(THE DATA begins)

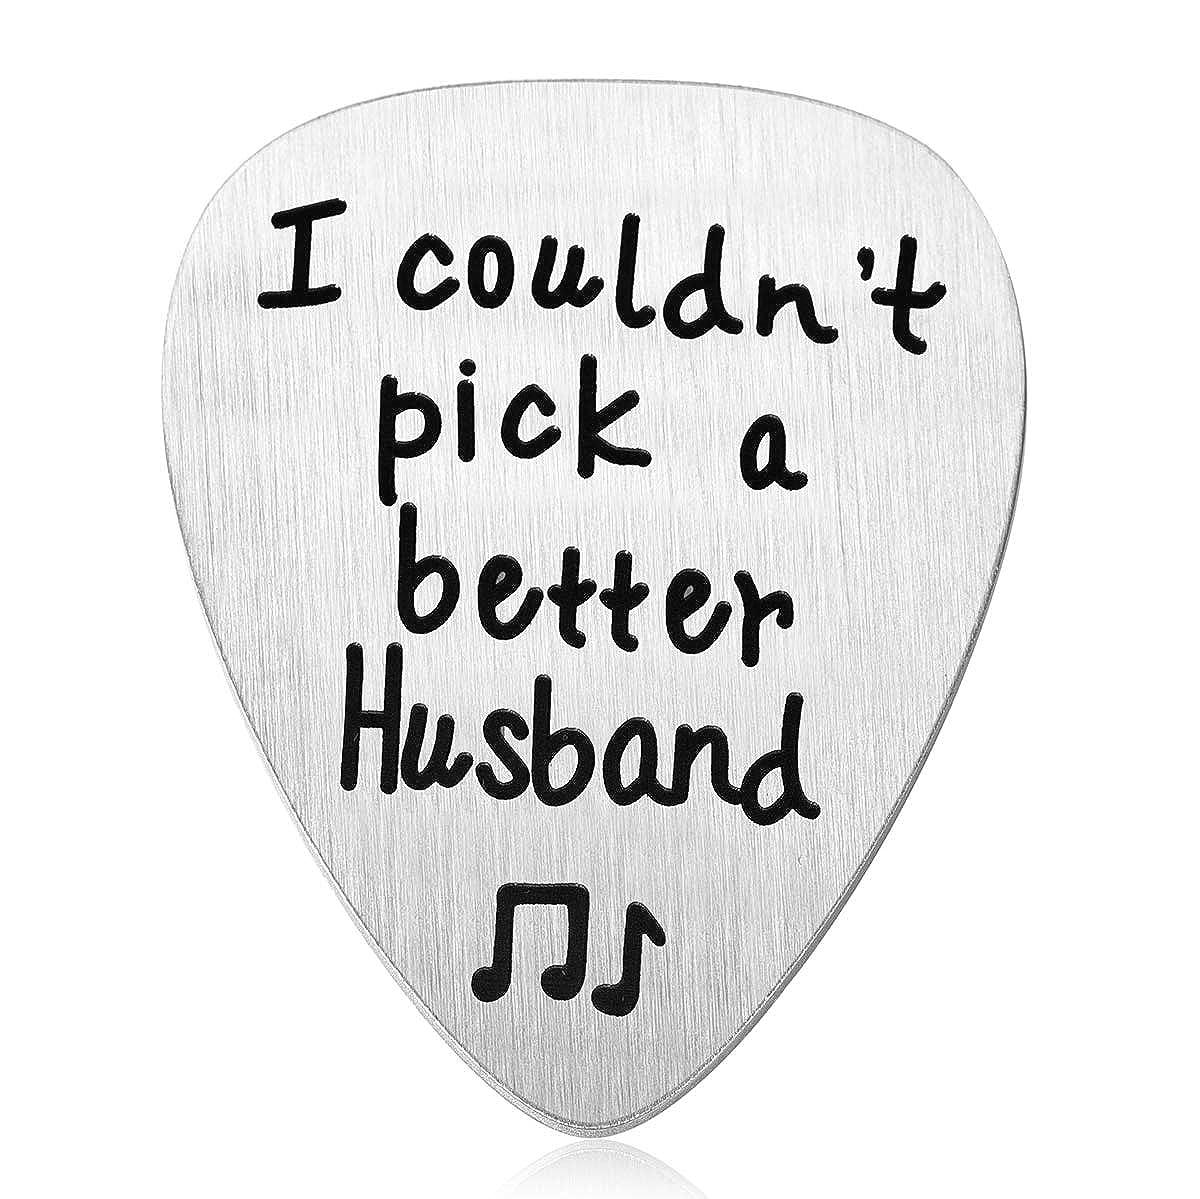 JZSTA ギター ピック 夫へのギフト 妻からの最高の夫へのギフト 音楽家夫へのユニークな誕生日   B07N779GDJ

(THE DATA ends)
(THE DATA begins)

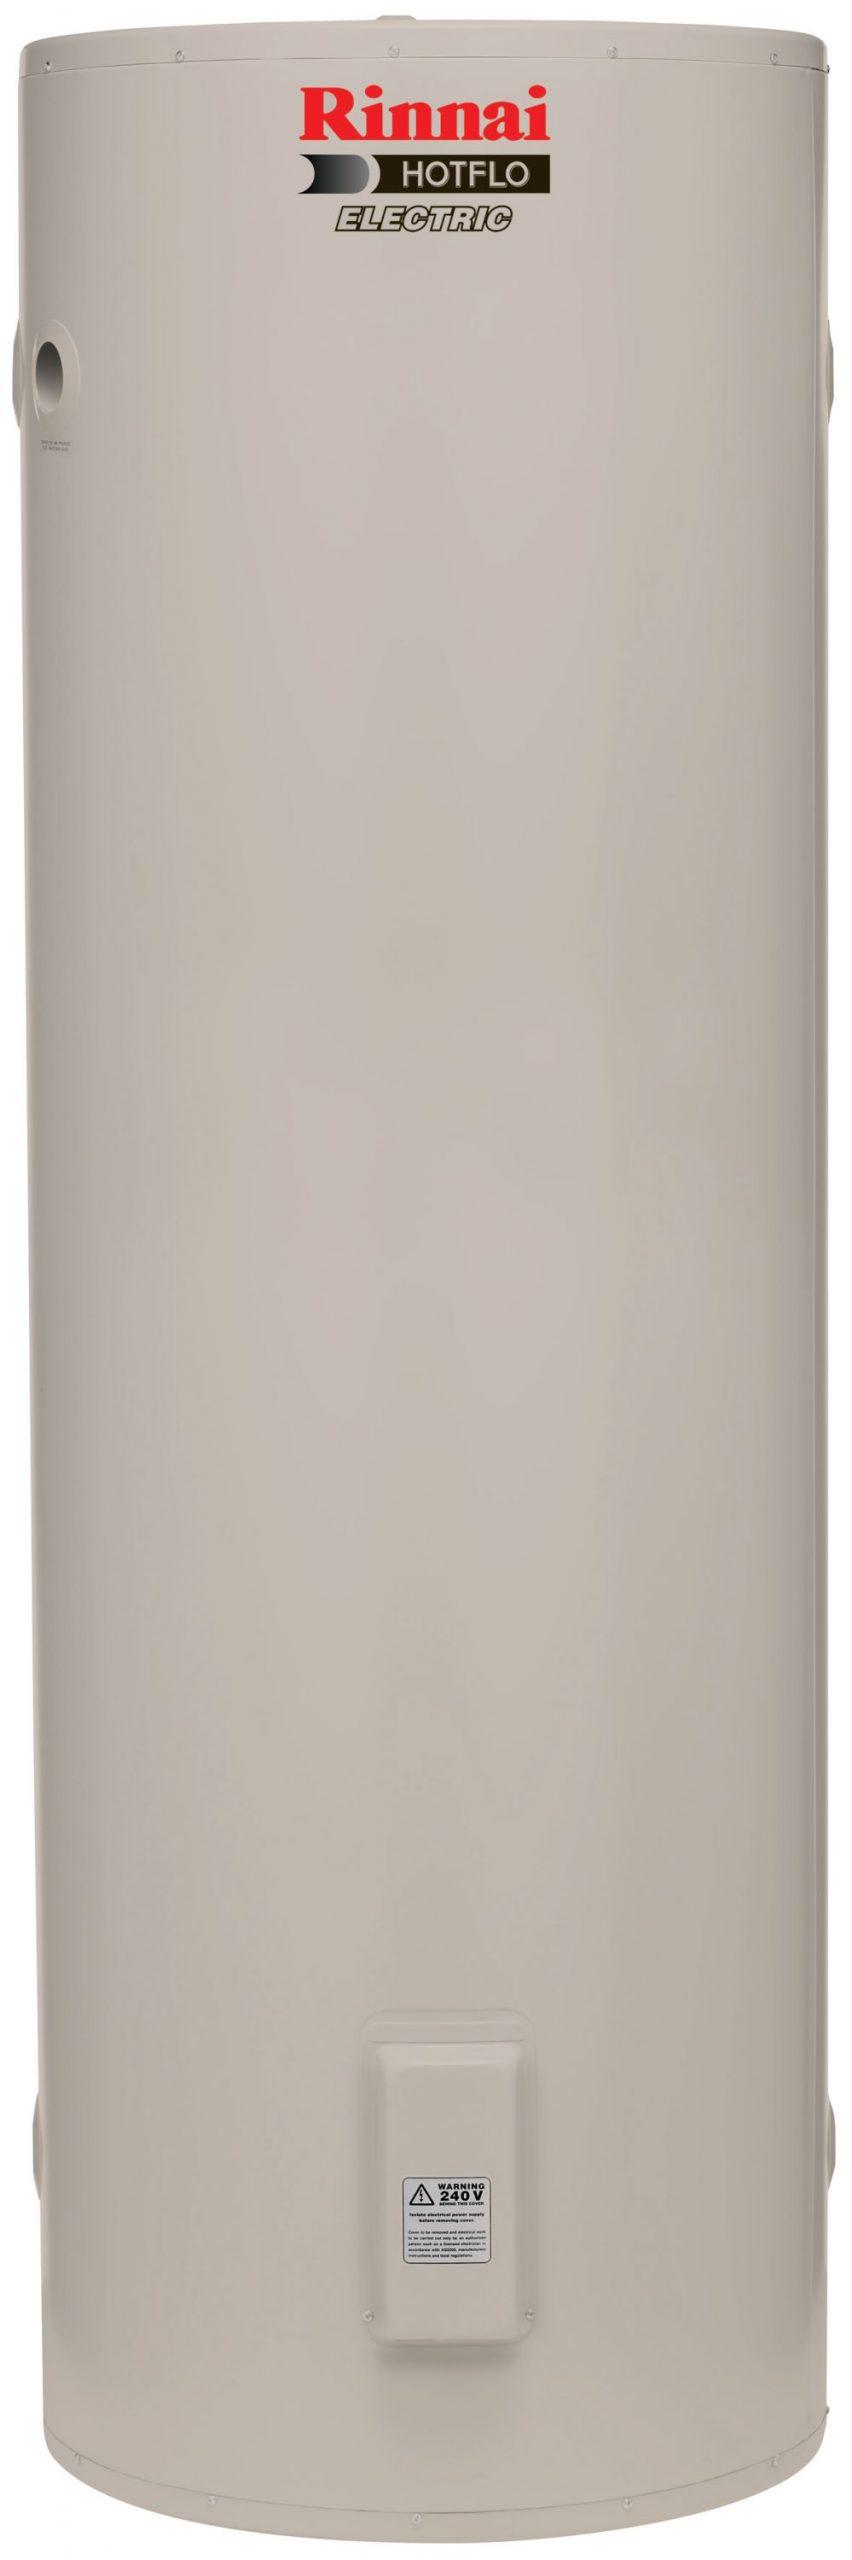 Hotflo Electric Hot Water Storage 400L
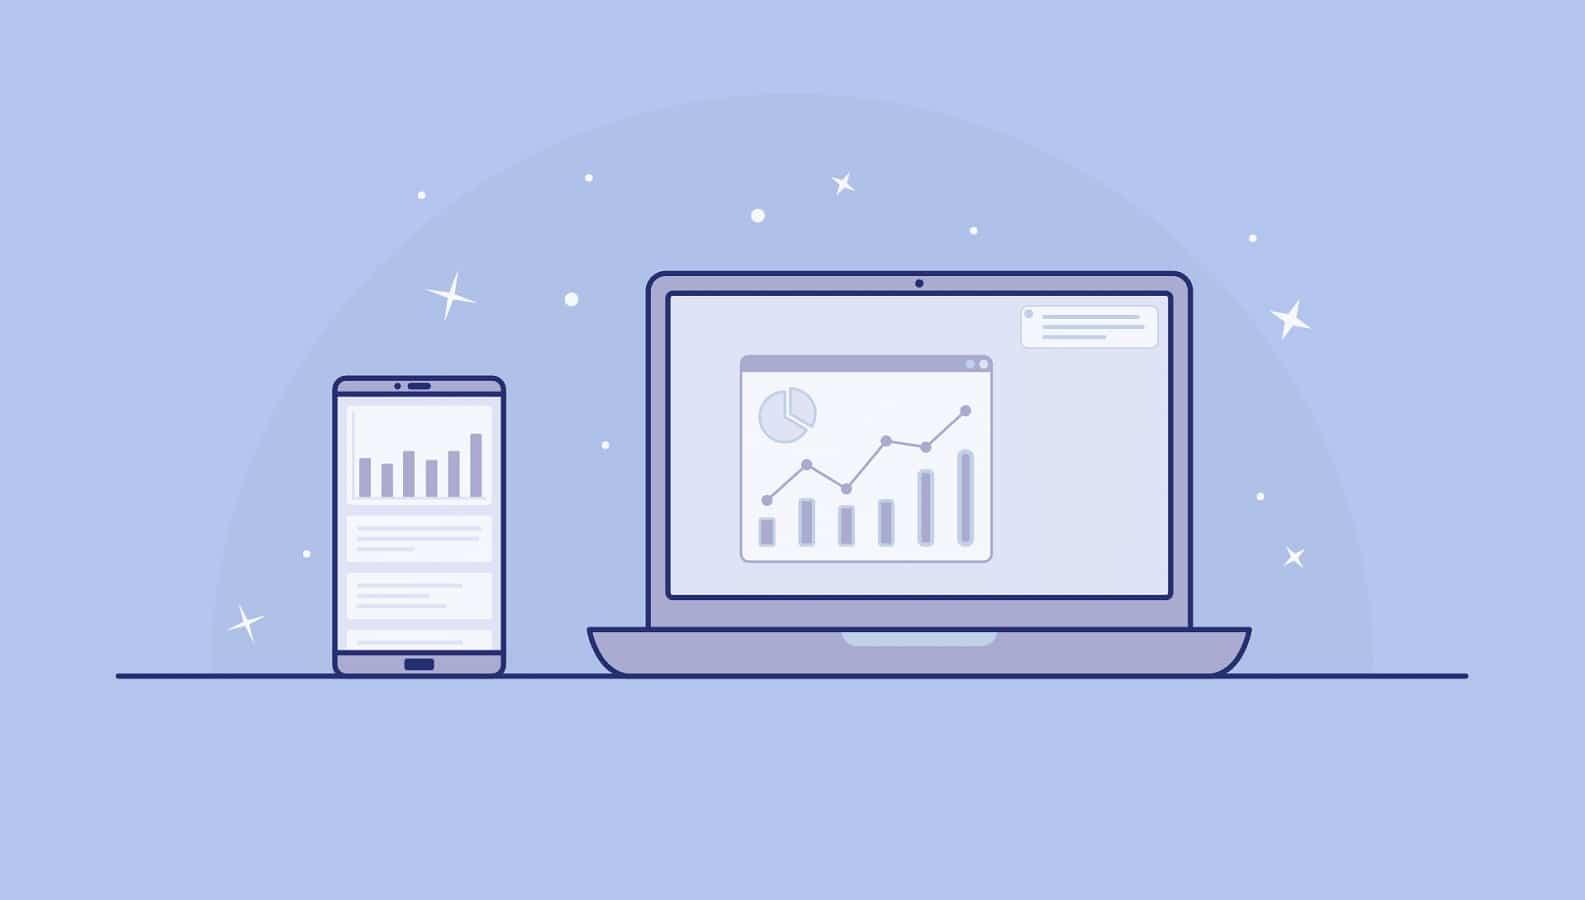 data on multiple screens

(THE DATA ends)
(THE DATA begins)

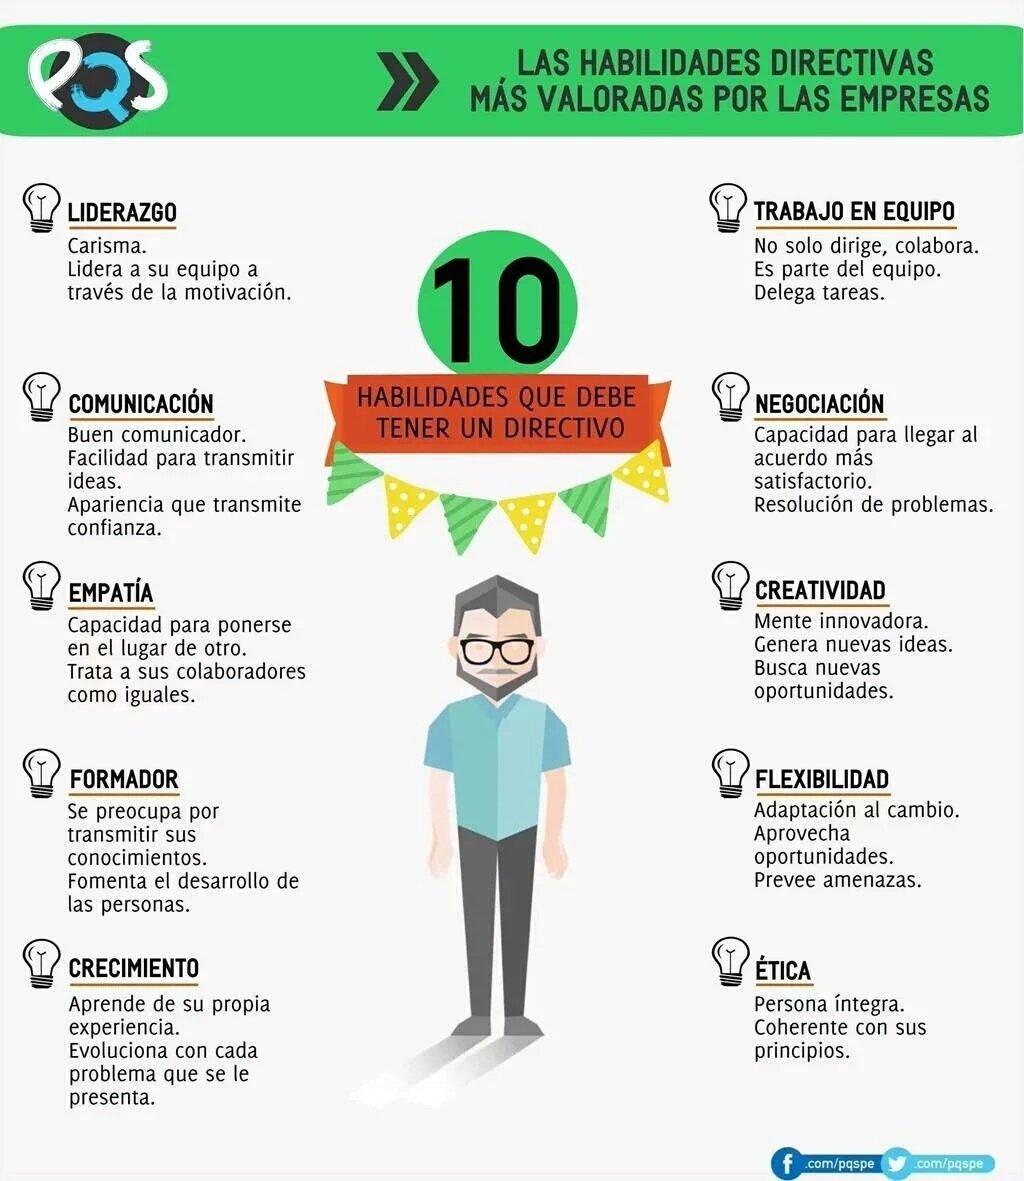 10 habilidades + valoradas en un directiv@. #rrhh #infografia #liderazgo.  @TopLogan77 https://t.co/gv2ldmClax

(THE DATA ends)

> **EXERCISE PROMPT**: Working from the records above, set down word for word everything from the line containing "Hotflo Electric Hot Water Storage 400L" down to the line containing "data on multiple screens", ends included, minus the pictures.

> **FINAL ANSWER**:
 Hotflo Electric Hot Water Storage 400L
 data on multiple screens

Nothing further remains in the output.